One, two, three. We bend, flex, lift, try to go a little bit higher, wide and down two, three. Okay, four more times, lift, turn out. Flex, you go up, use that mind to muscle. Open wide.
And down two, three more. Flex, press, open and one, two, three. Two more. And one, two, three. And your last one, open.
And one, two, three. Okay, go back and stretch your lower back. Put your knees on the ground, just hug that ball, take a few breaths. Hands and feet on the floor. Rock from hands and feet, just make a little circle.
Okay, so we're almost done. I want to do a little more, that was loud, a little more specific to the side of the hip again. Okay. So you have to just play, it's not as easy to navigate the floor, but it's fine. Come out to that same position, okay. Now hands, one foot on the floor.
Lift one leg up fairly high and you're gonna do like side kneeling in the mat work. Lift and try to look and see that foot. Lift it higher, put it behind you down to the ground. Six times, lift. So as I take my leg to the side, I am leaning to my left arm so it's the opposite arm, so just a little bit of a counter support, okay.
Three more. Try to keep it high. Keep it high. Two. One more.
Hold it. Because we can. Six, five, four, three, two, one. Lift and down. Okay, one more side.
I'm gonna face this way now. How you going guys? Hopefully feeling good. Little additional butt work for you. Offset your hands, lift one leg.
All right, it's going high, lift to the side, see your foot. Lift and lower. And lift. And hip extension, turn. Keep that foot high, bring it closer to your head.
Try not to move the upper body all that much, but you are leaning into that opposite arm of course. Work, work and one more, hold it there, we've got six and mind to muscle. Two, three, four, five and up. All the way around. Okay, last exercise I promise, will feel good.
You're going the opposite direction. Lay back on your ball. Stretch everything long. Let your head go back. Let your arms open and breathe.

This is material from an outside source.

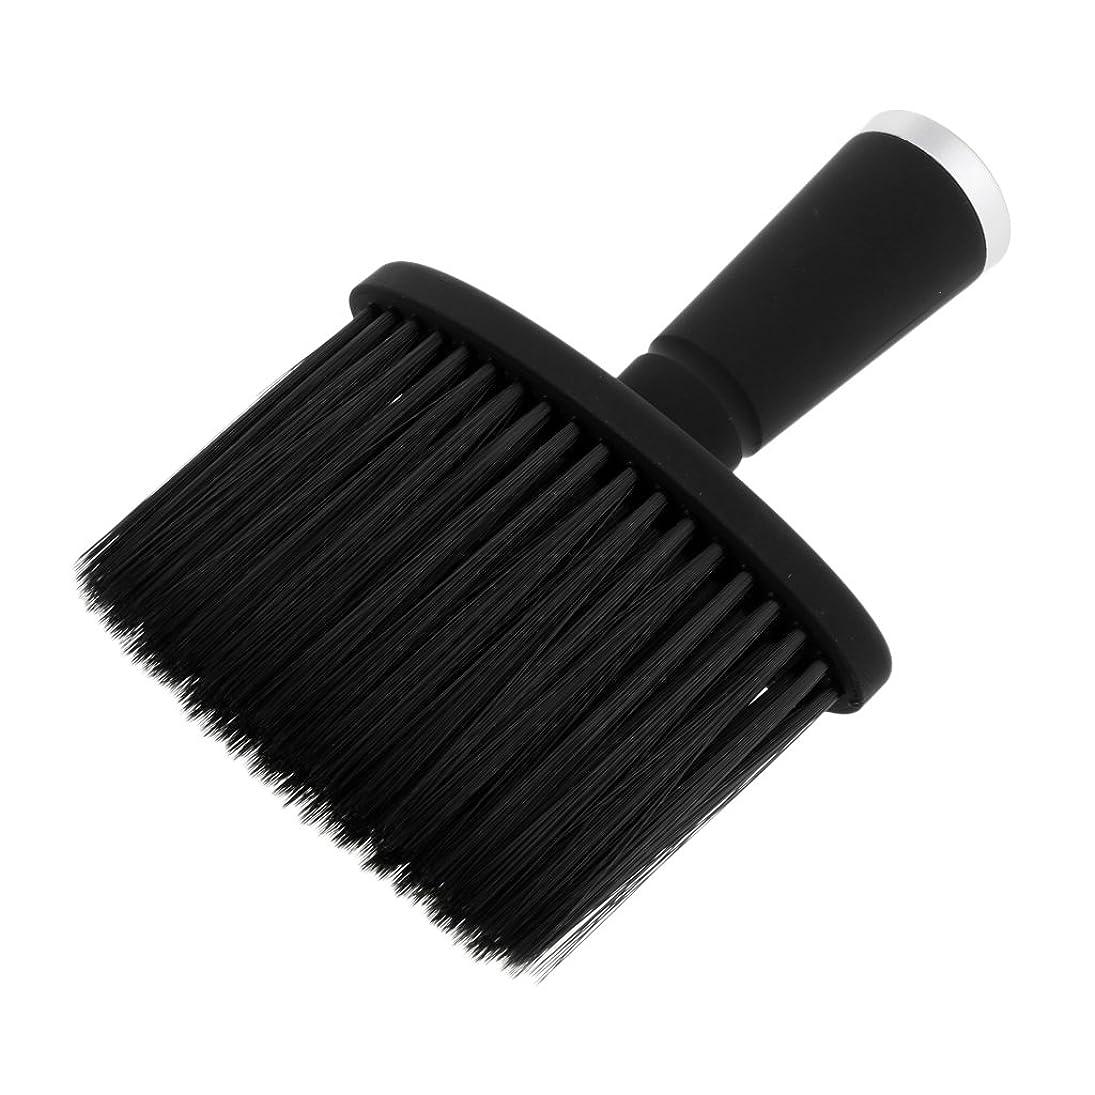 配偶者メタルライン地味な大広間のスタイリストの理髪師の毛の切断の構造用具のための柔らかい首の塵払いのブラシ - 銀
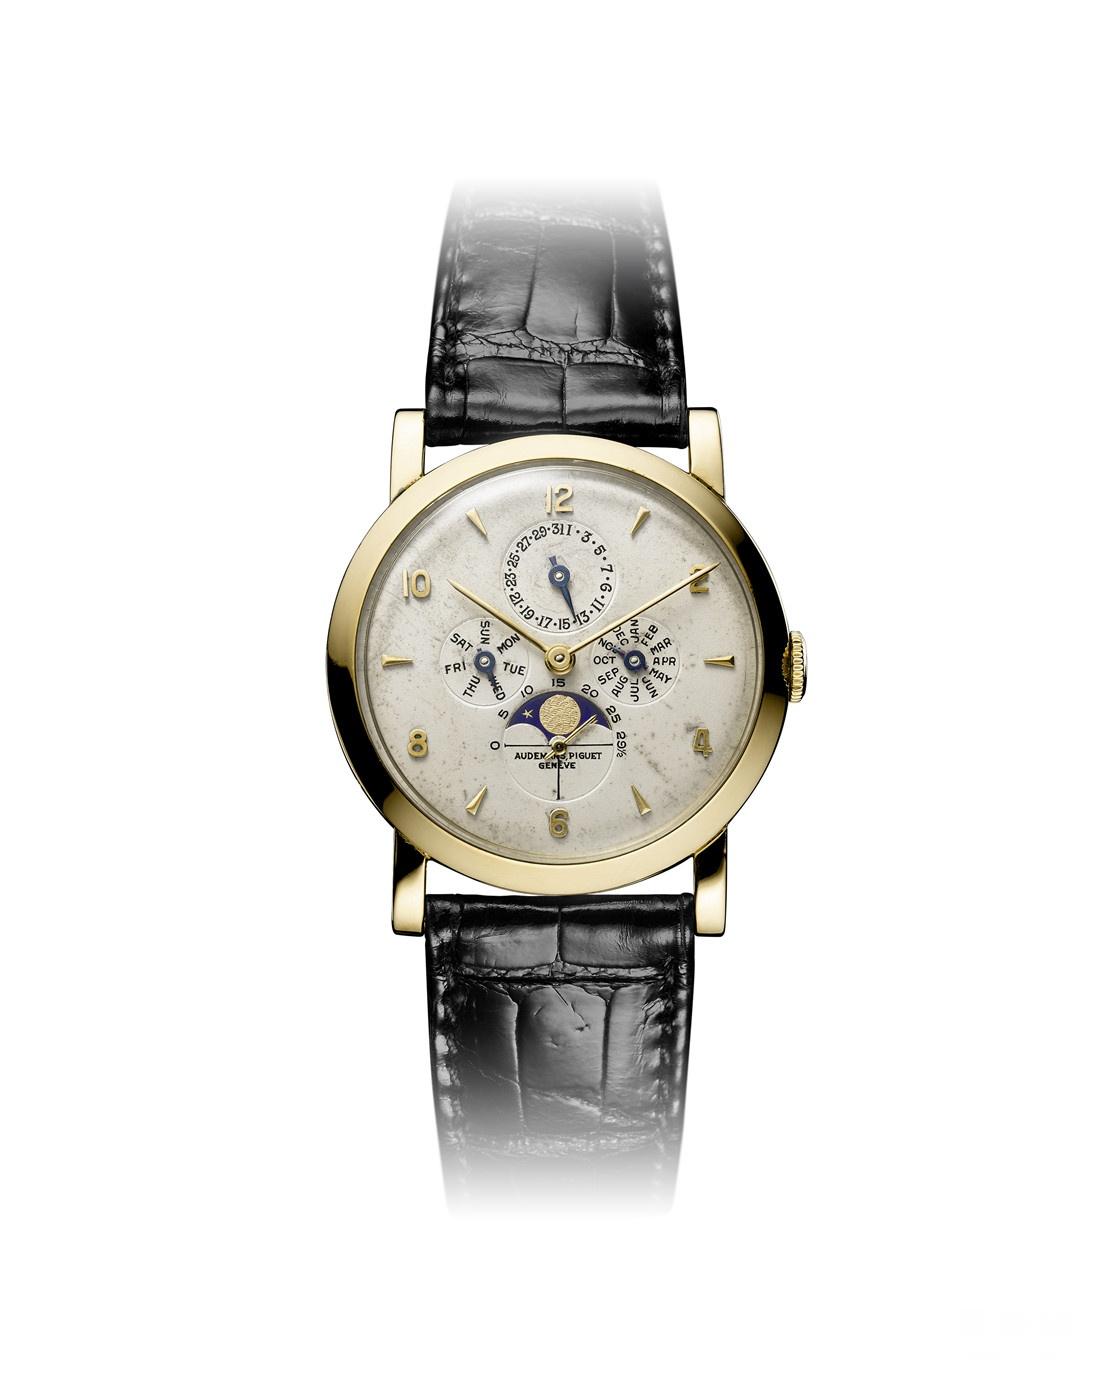 1951年面世的爱彼全历腕表Ref. 5513,奠定了1970年代品牌首款自动上链万年历腕表的设计之本

So you're in a pretty big backbend here. Okay, now parallel legs, bend your knees, pick up your head. Put your hands behind your head. And I'm gonna walk my hips forward a little bit and press them up higher and hold. Now what this is if you can depending on your mobility and flexibility of your low back, arc around that ball, so I'm really arced around, my head is up.
Drive your heels into the floor and press your hips up and hold, hold, hold. Let's go for 10. So we're down and press. And lower. We don't have to do too many holding.
Press and three. Four. And up. Five. Almost done guys.
Last three. Make them count. Press. Last time and hold, hold, hold. And then go back to enjoy that open stretch onto your ball, let your head go back.
Finish with a few arm circles. So good. I'm gonna do two arm circles the other way. How to get out. Bring your chin to your chest.